**YOUR ASSIGNMENT:**
With the pictures left out, retype exactly the lines below starting at the line that contains "Garment-Dyed Heavyweight T-Shirt" and ending at the line that contains "I Wanna Rock - The '80s Metal Dream logo".

**INPUT DATA:**
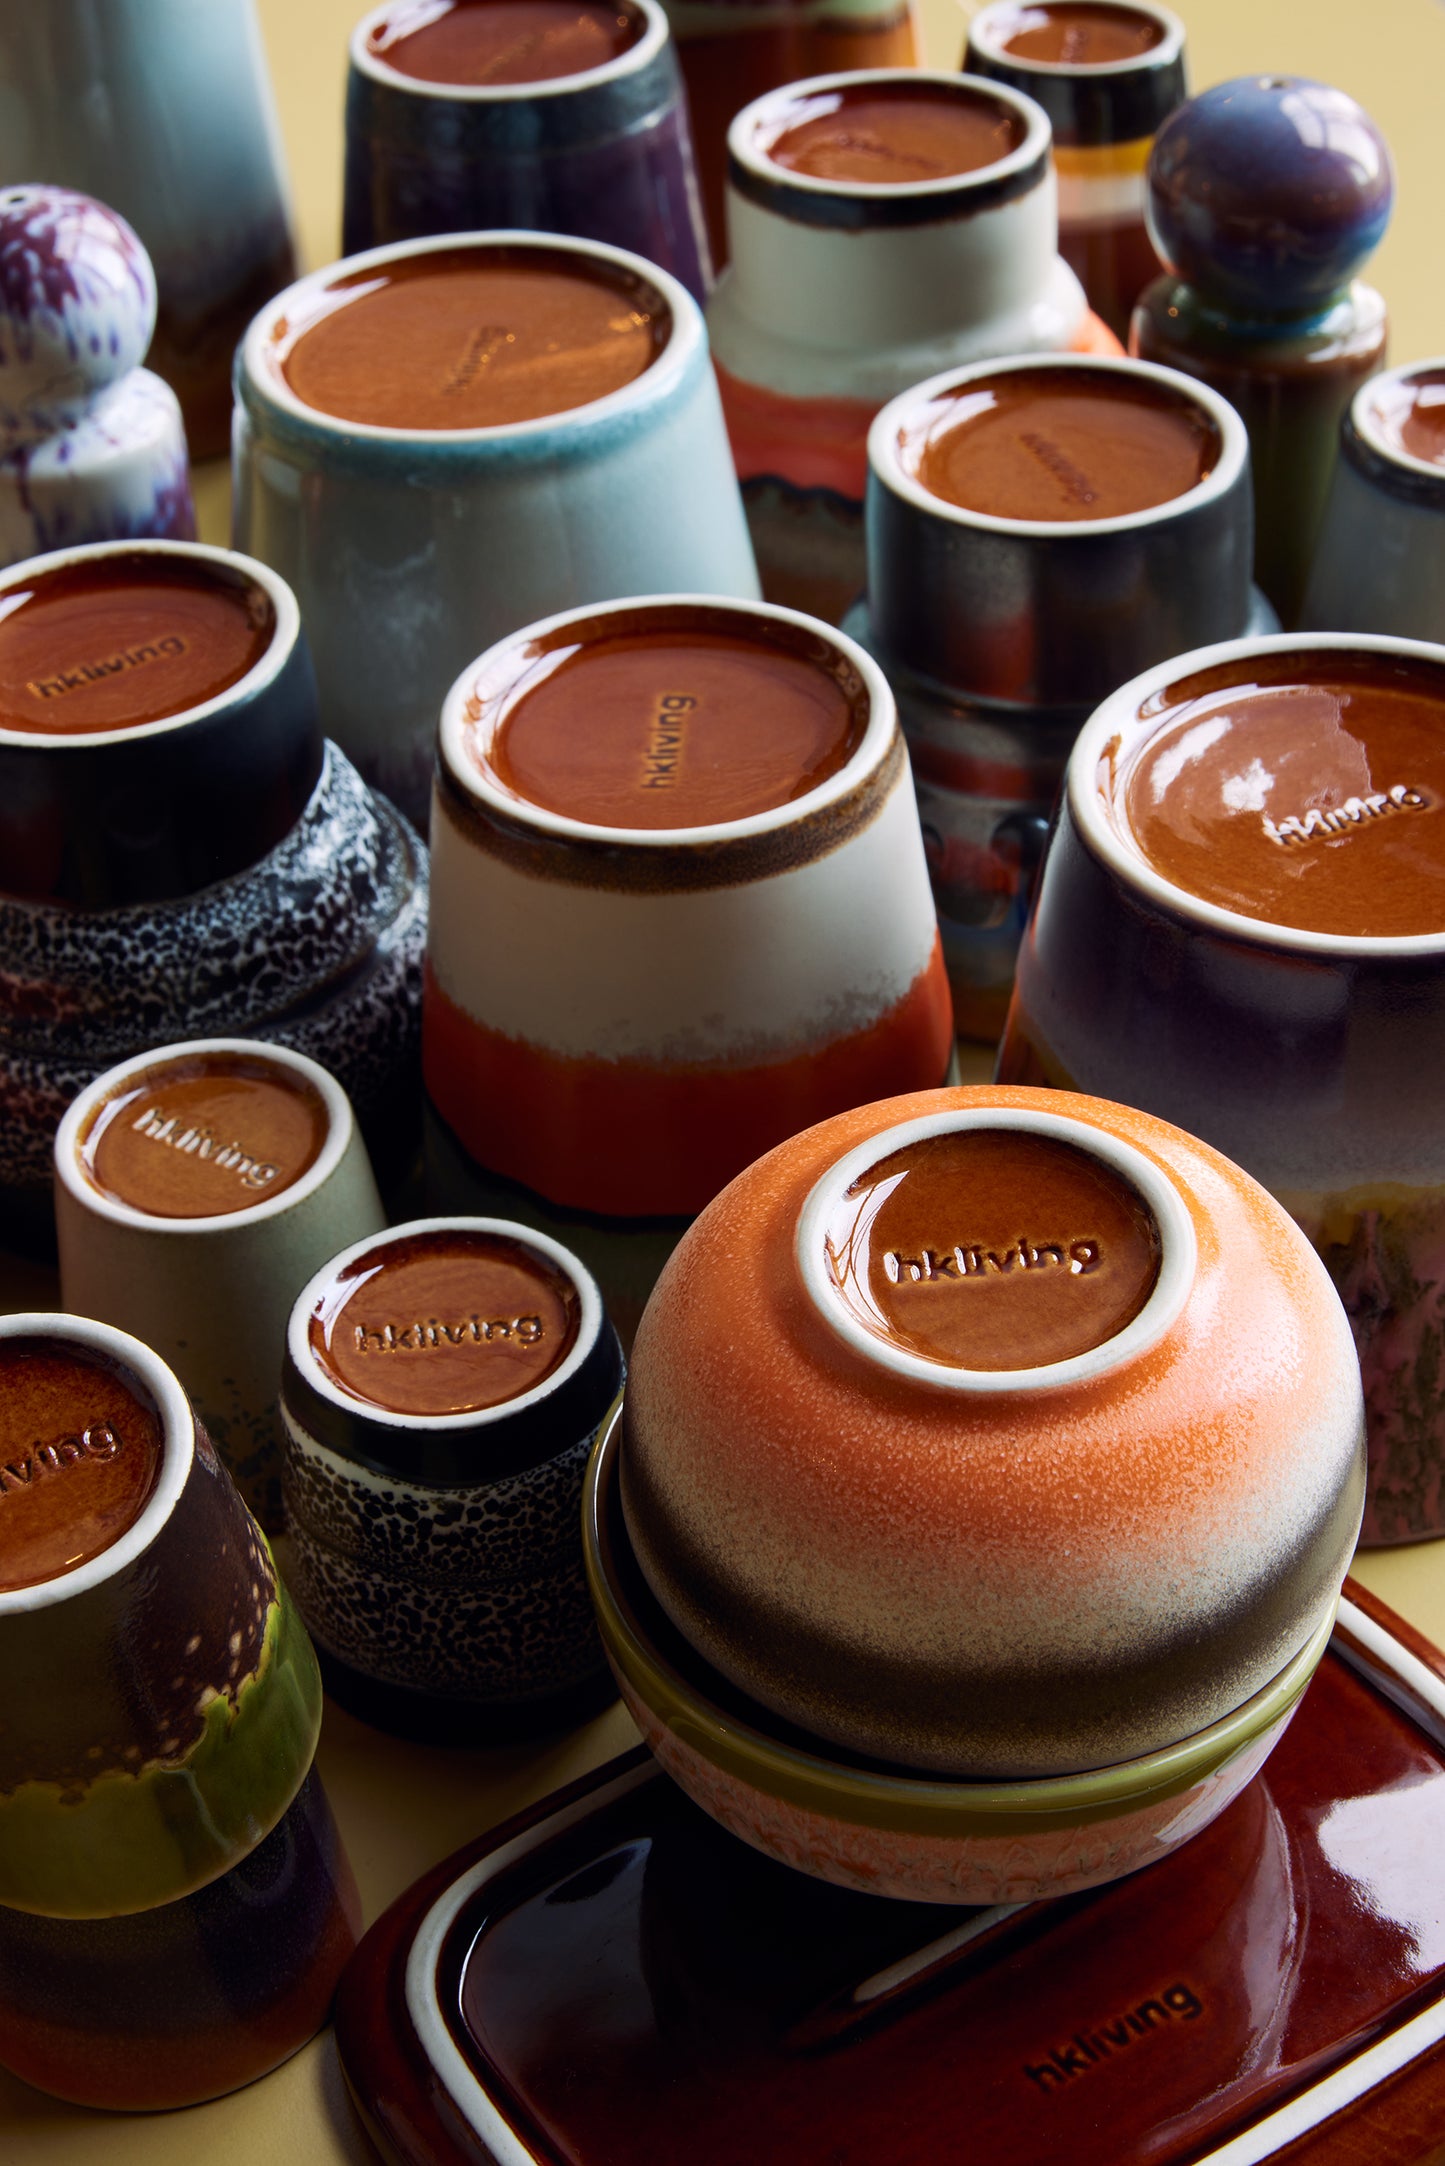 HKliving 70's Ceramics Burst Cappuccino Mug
---
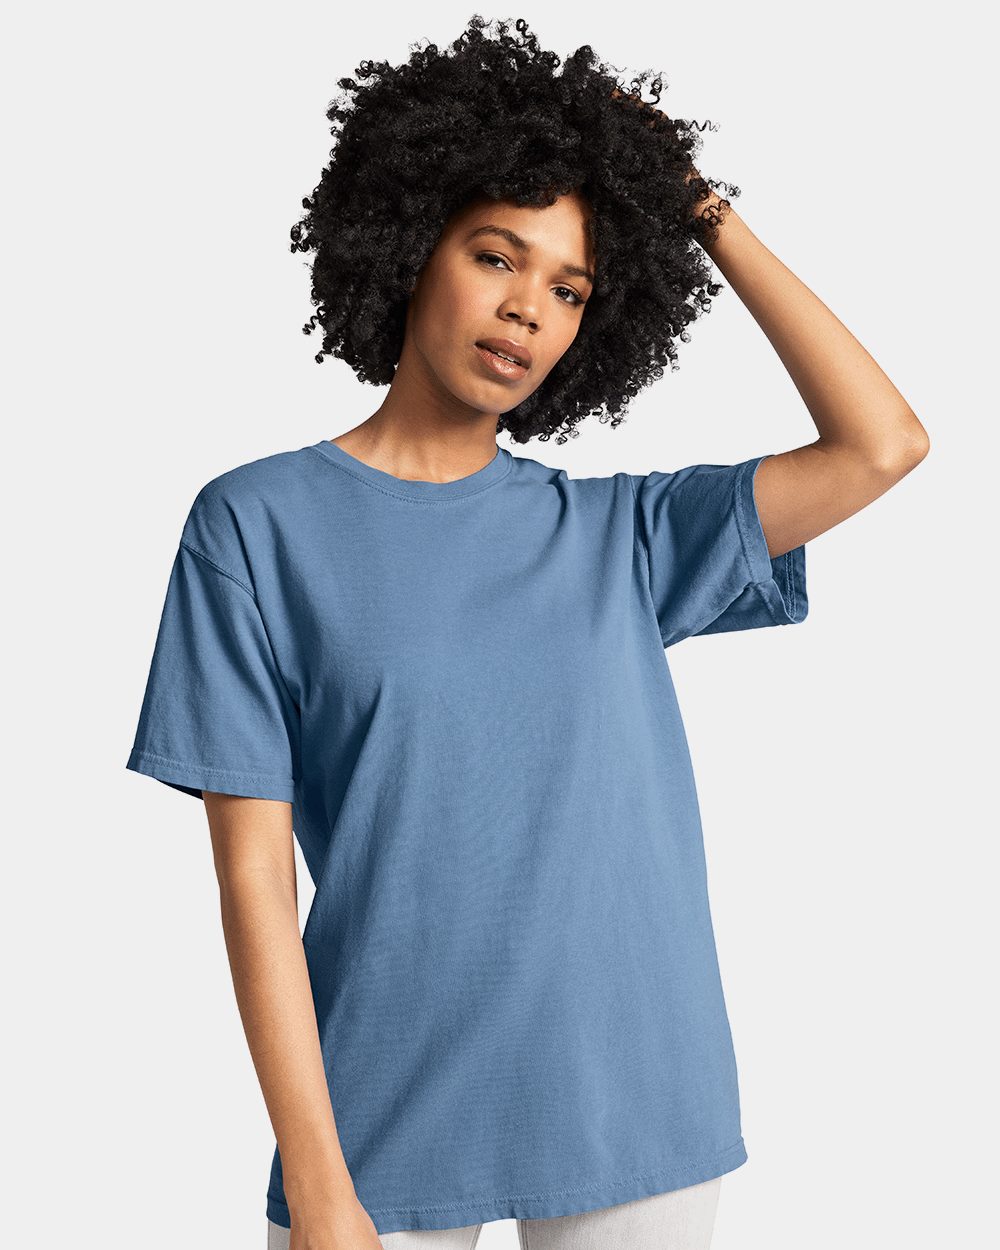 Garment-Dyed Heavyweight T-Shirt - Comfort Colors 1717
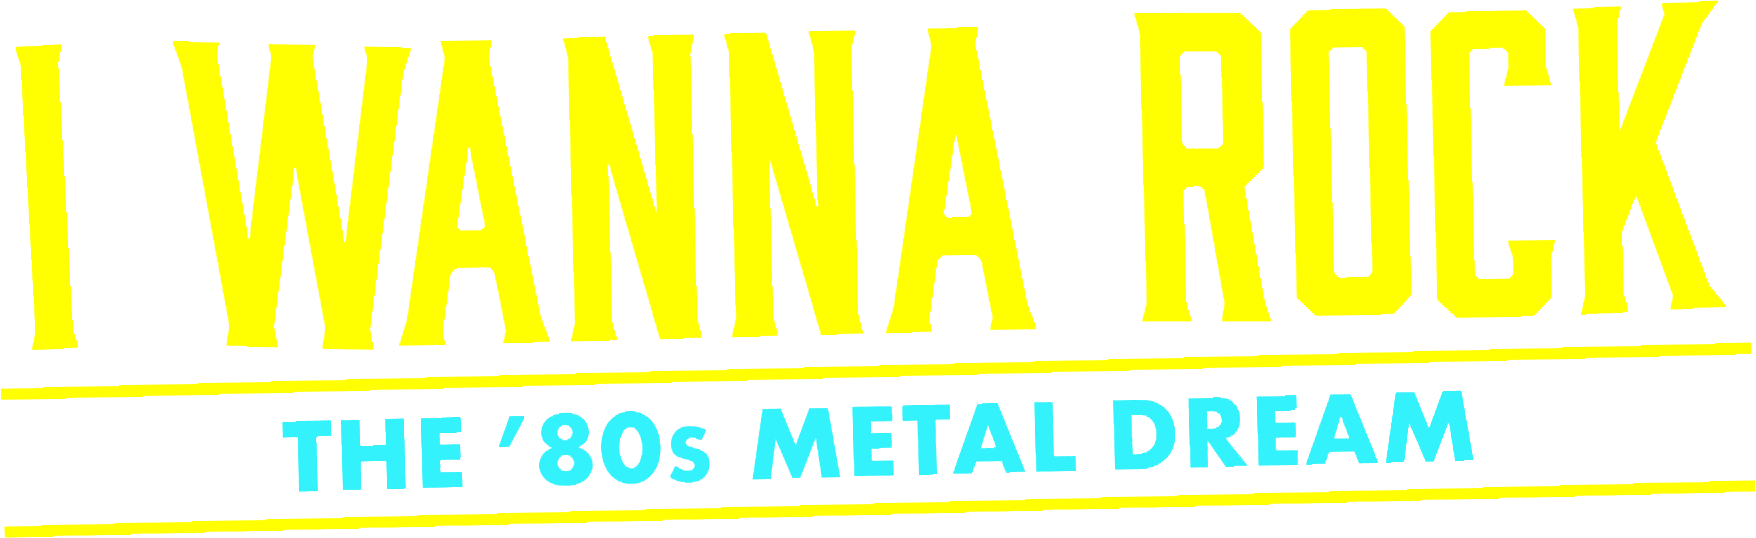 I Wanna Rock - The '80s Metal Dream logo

**RESULT:**
 Garment-Dyed Heavyweight T-Shirt - Comfort Colors 1717
 I Wanna Rock - The '80s Metal Dream logo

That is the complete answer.